LEX FRIDMAN: (00:13:06) Because to me just as a layman, it is surprising that you can break down sentences in mostly all languages.

Again, this is fundamental. I suppose I had something of a preview of this sort of thing when I learned Reed-Kellogg sentence diagramming in the sixth grade. It’s still kicking around – there’s lots of stuff about it on the web – but I don’t know how routinely it’s taught these days. I learned about syntactic trees in my sophomore year when I took a course in psycholinguistics.

LEX FRIDMAN: (00:18:22) I love the terminology of agent and patient and the other ones you used. Those are linguistic terms, correct?

EDWARD GIBSON: (00:18:29) Those are for meaning, those are meaning. And subject and object are generally used for position. Subject is just the thing that comes before the verb and the object is the one that comes after the verb. The agent is the thing doing, that’s what that means. The subject is often the person doing the action, the thing.

LEX FRIDMAN: (00:18:48) Okay, this is fascinating. How hard is it to form a tree in general? Is there a procedure to it? If you look at different languages, is it supposed to be a very natural … Is it automatable or is there some human genius involved in construction …

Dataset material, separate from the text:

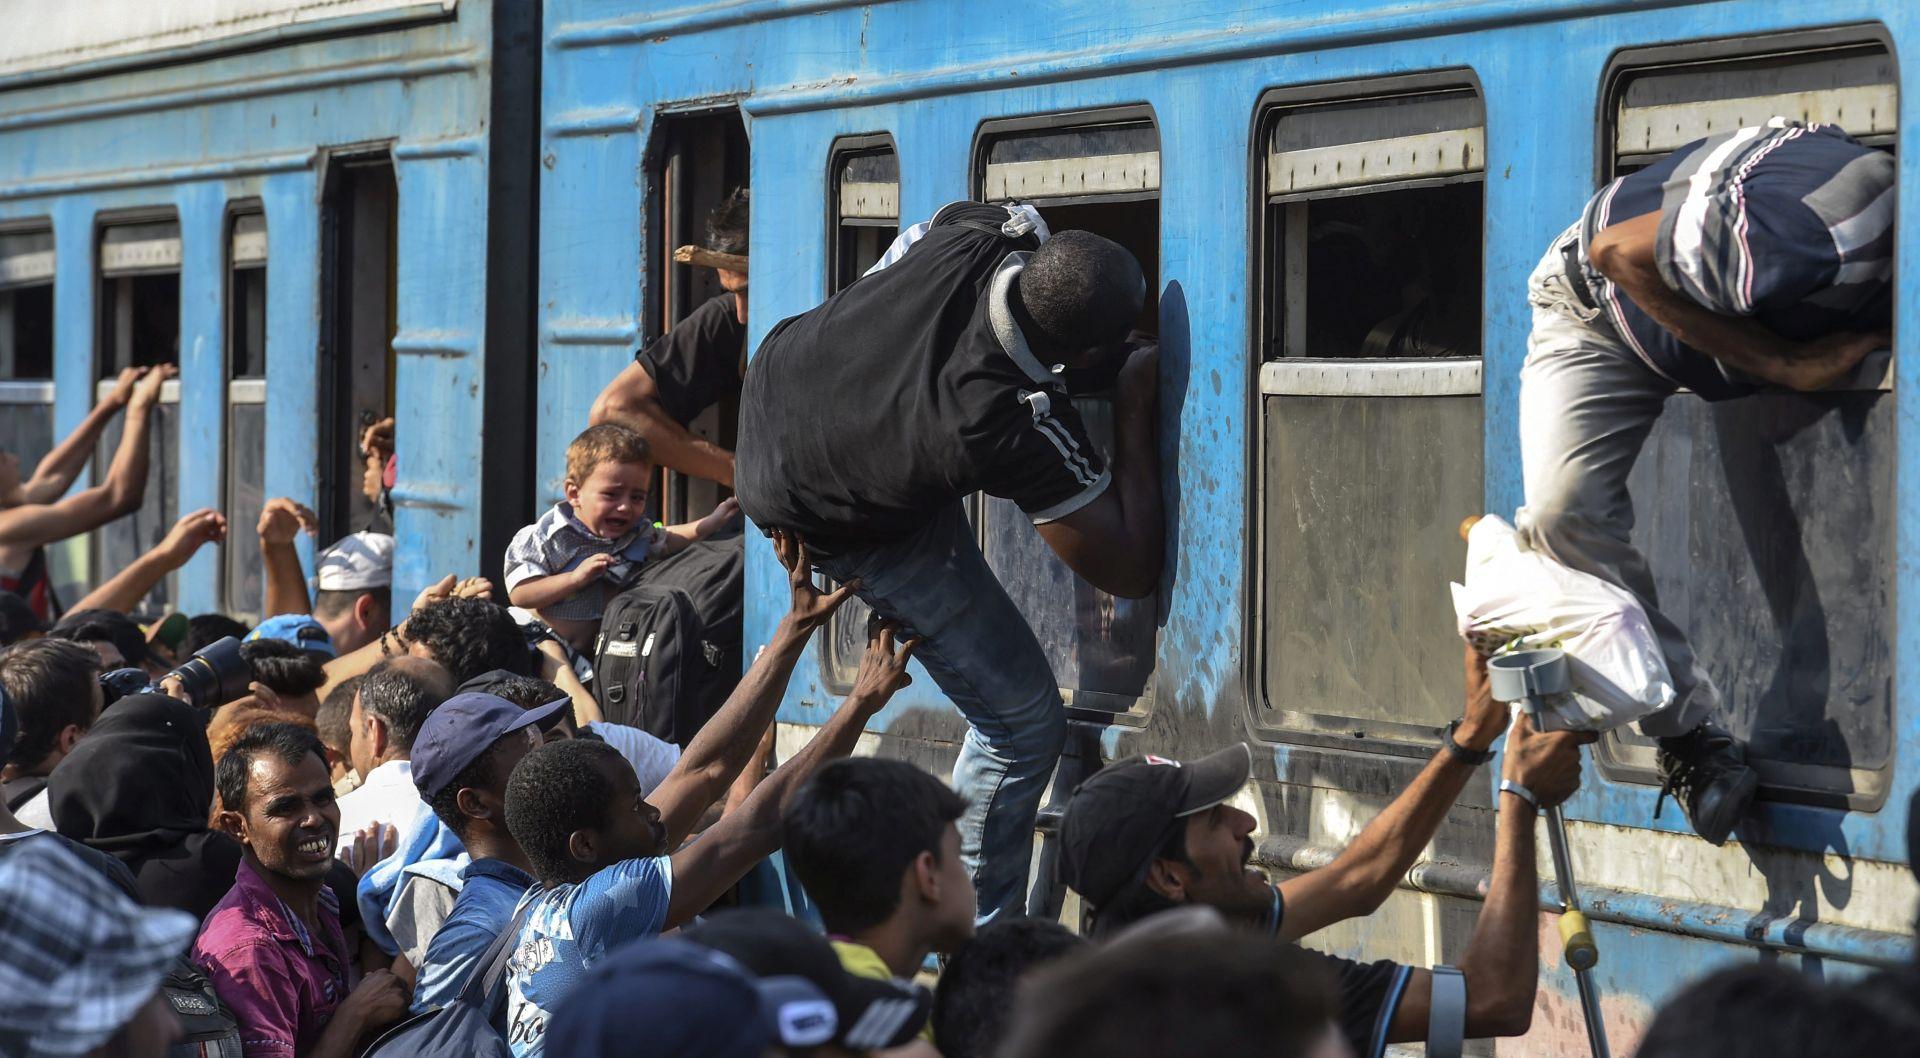 FOTO: RASPOREĐUJU SE VOJNICI Makedonija proglasila izvanredno stanje zbog izbjegličke krize

EDWARD GIBSON: (00:19:01) I think it’s pretty automatable at this point. People can figure out the words are. They can figure out the morphemes, technically morphemes are the minimal meaning units within a language, okay. And so when you say eats or drinks, it actually has two morphemes in English. There’s the root, which is the verb. And then there’s some ending on it which tells you that’s the third person singular.

I think that anyone working with LLMs should be conversant with the distinction between the meaning-bearing aspect of language and the positional aspect. They may not need this familiarity to work with transformers, but they should know that the distinction is basic to language mechanism. After all, the positionality of tokens is something that is central to the transformer architecture. They should know that it’s central to language itself and not just an aspect of the transformer architecture.